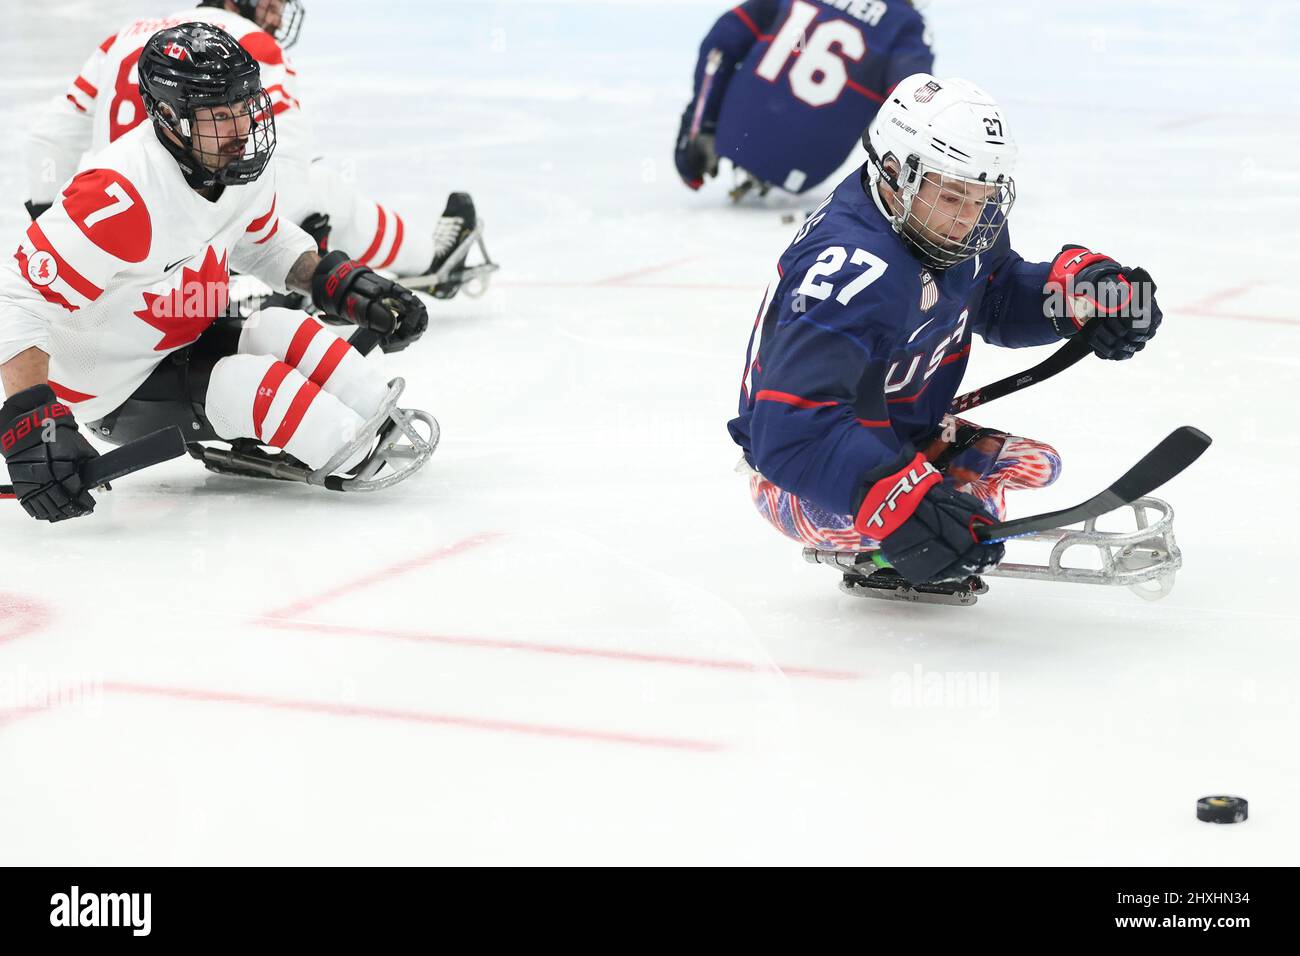 Josh Pauls named US Para ice hockey team captain
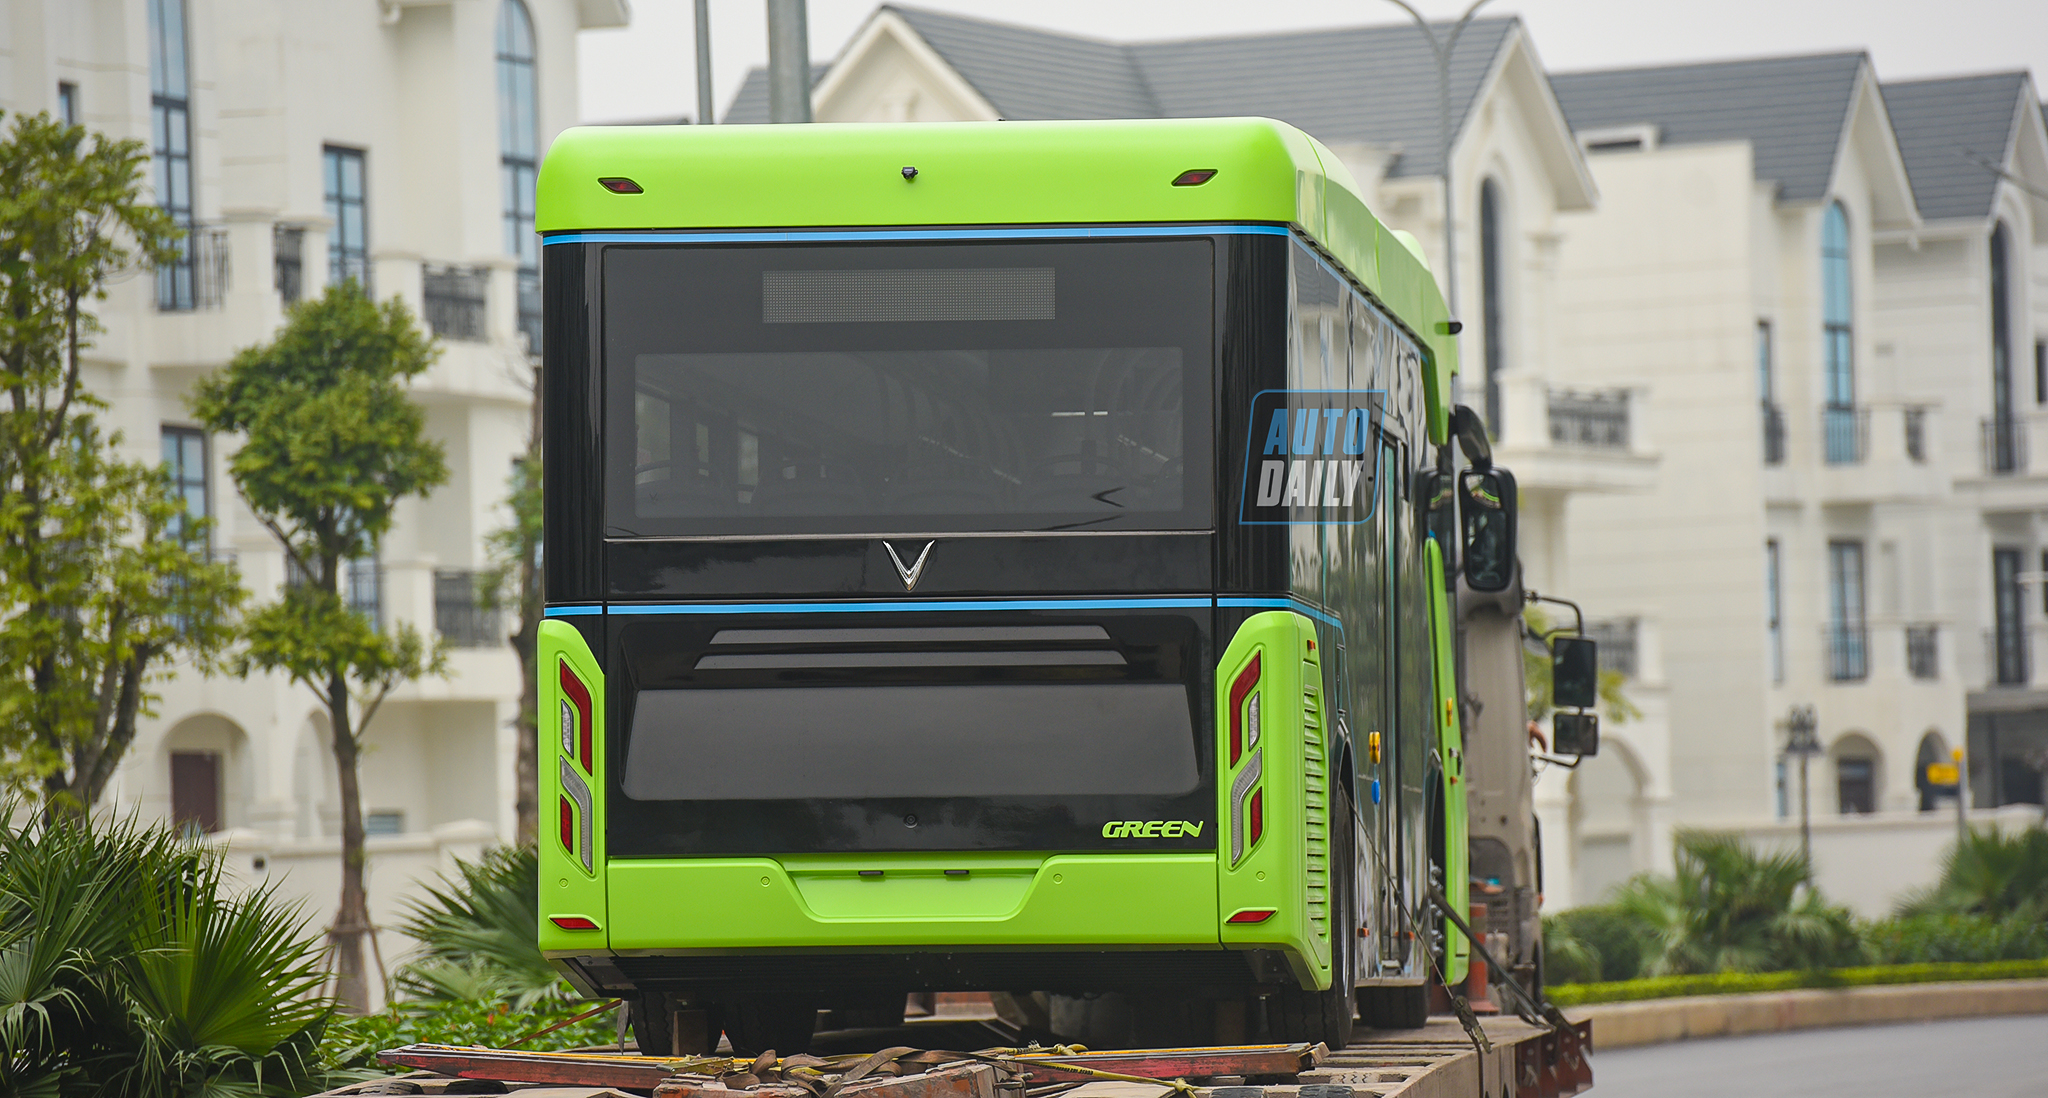 Chùm ảnh loạt xe Bus điện VinFast có mặt tại Hà Nội, sẵn sàng chạy thí điểm dsc-3901-copy.jpg
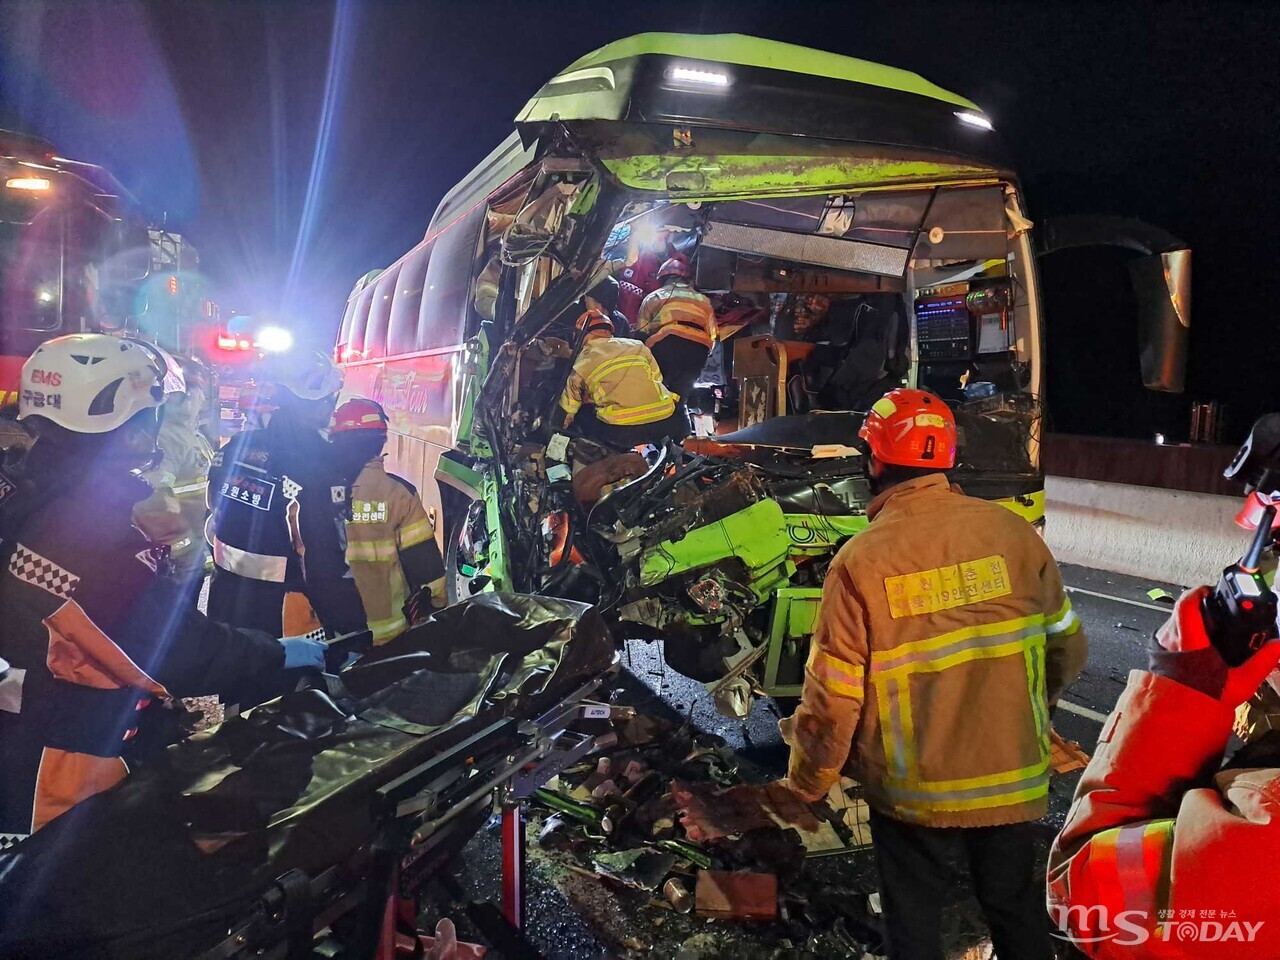 28일 오후 7시 28분쯤 춘천 중앙고속도로에서 버스와 화물차가 추돌하는 사고가 발생했다. (사진=강원특별자치도소방본부)
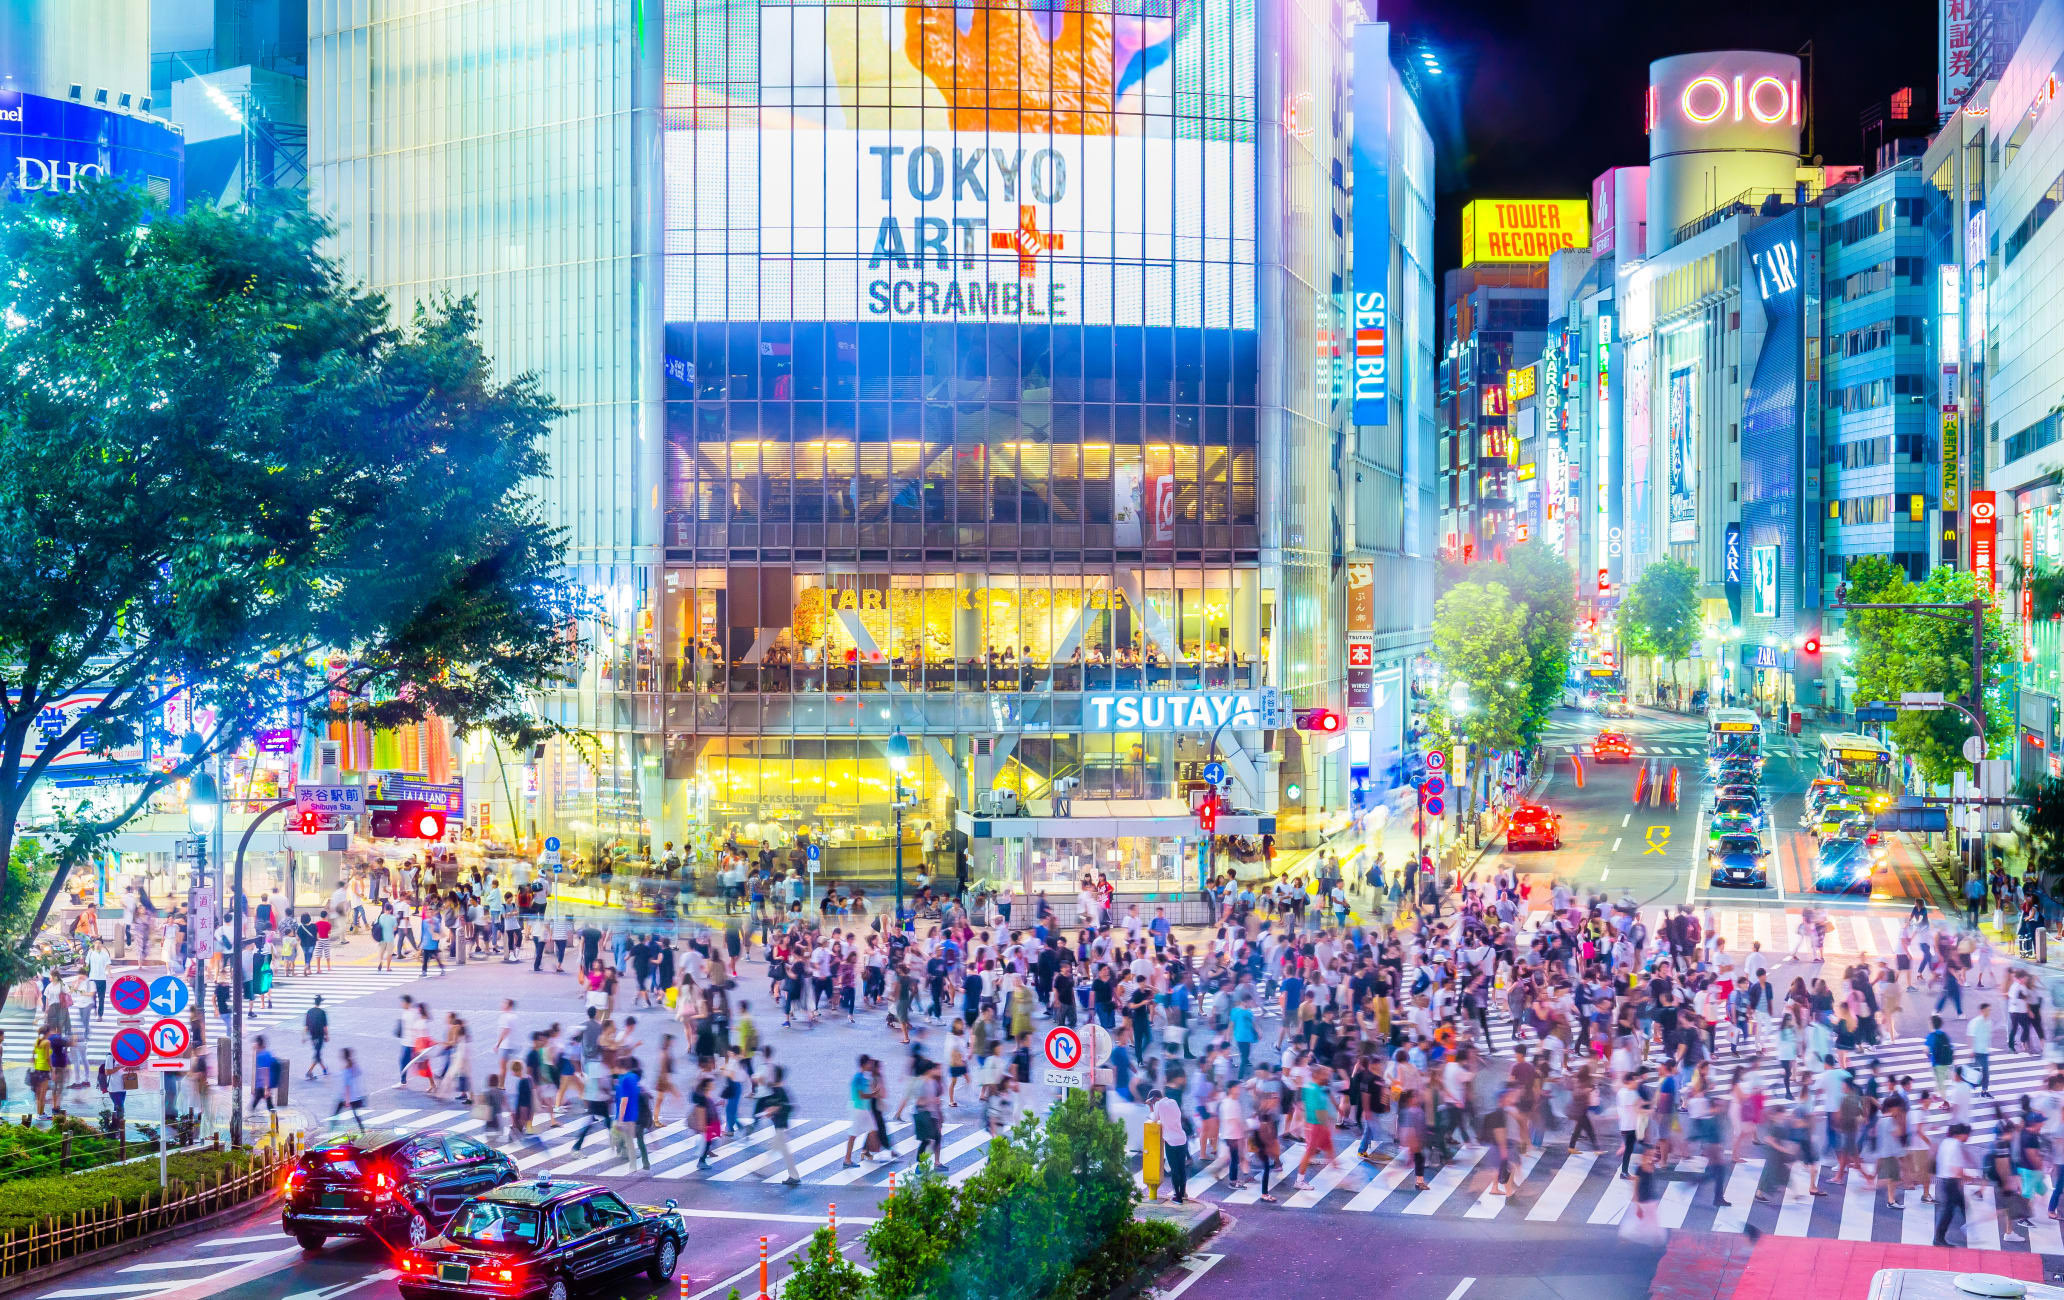 Tour du lịch 4 ngày 3 đêm tại Nhật Bản: Trải nghiệm giao lộ Shibuya như trong các bộ phim nổi tiếng
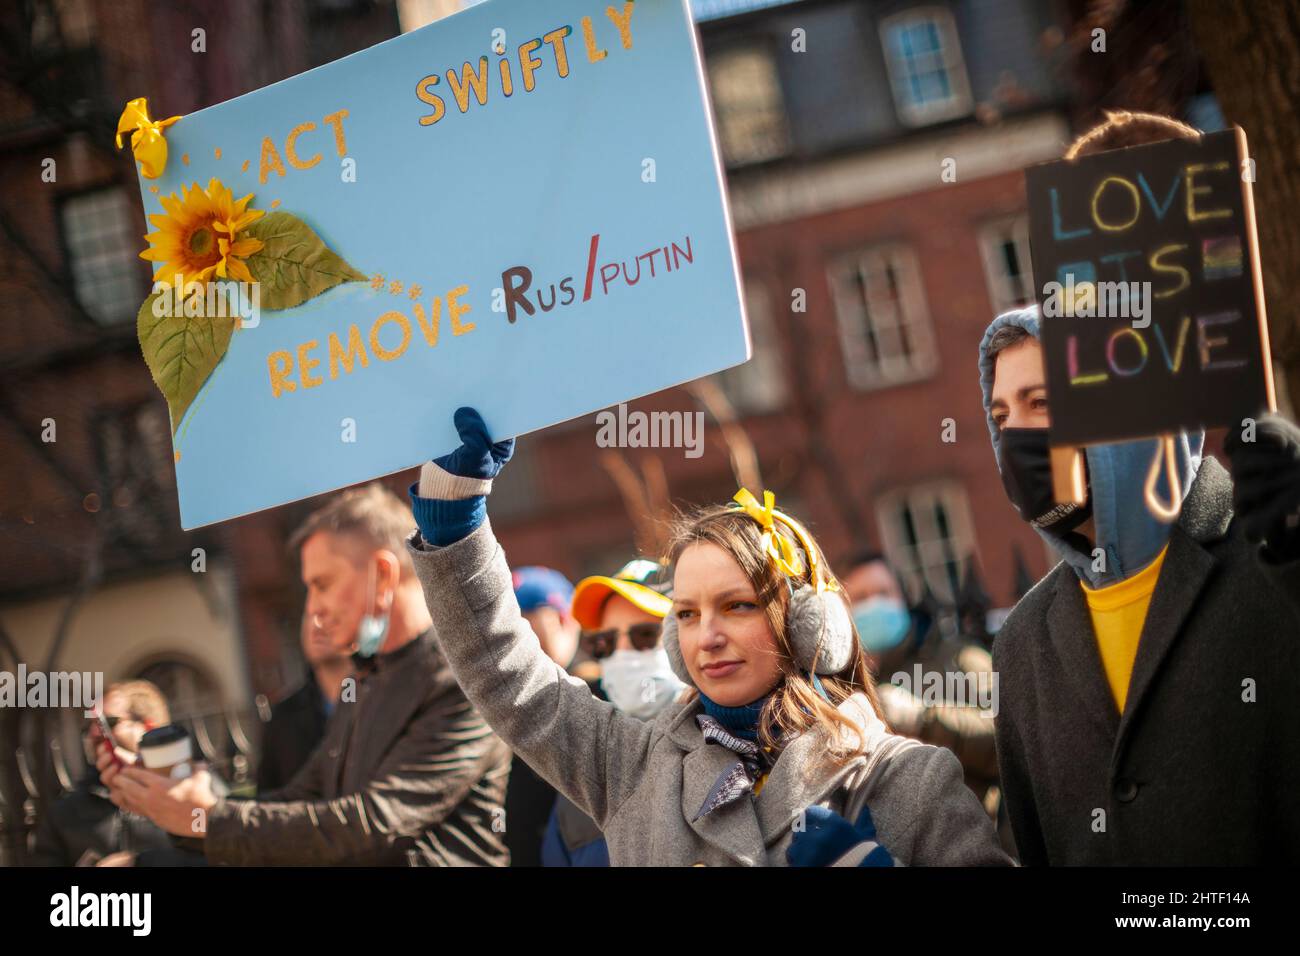 Mitglieder der LGBTQ+-Gemeinschaft, ihre Unterstützer und Ukrainisch-Amerikaner protestieren gegen die russische Invasion und zeigen am Samstag, 26. Februar 2022, Unterstützung für die Bürger der Ukraine vor dem Stonewall Inn in Greenwich Village in New York. (© Richard B. Levine) Stockfoto

__What the exercise asks__
May I have only the lines from the start of the data through the line containing "Tour du lịch", both included, reproduced exactly and without the pictures?

__Your response__
 Josh Pauls named US Para ice hockey team captain
 Chùm ảnh loạt xe Bus điện VinFast có mặt tại Hà Nội, sẵn sàng chạy thí điểm dsc-3901-copy.jpg
 28일 오후 7시 28분쯤 춘천 중앙고속도로에서 버스와 화물차가 추돌하는 사고가 발생했다. (사진=강원특별자치도소방본부)
 Tour du lịch 4 ngày 3 đêm tại Nhật Bản: Trải nghiệm giao lộ Shibuya như trong các bộ phim nổi tiếng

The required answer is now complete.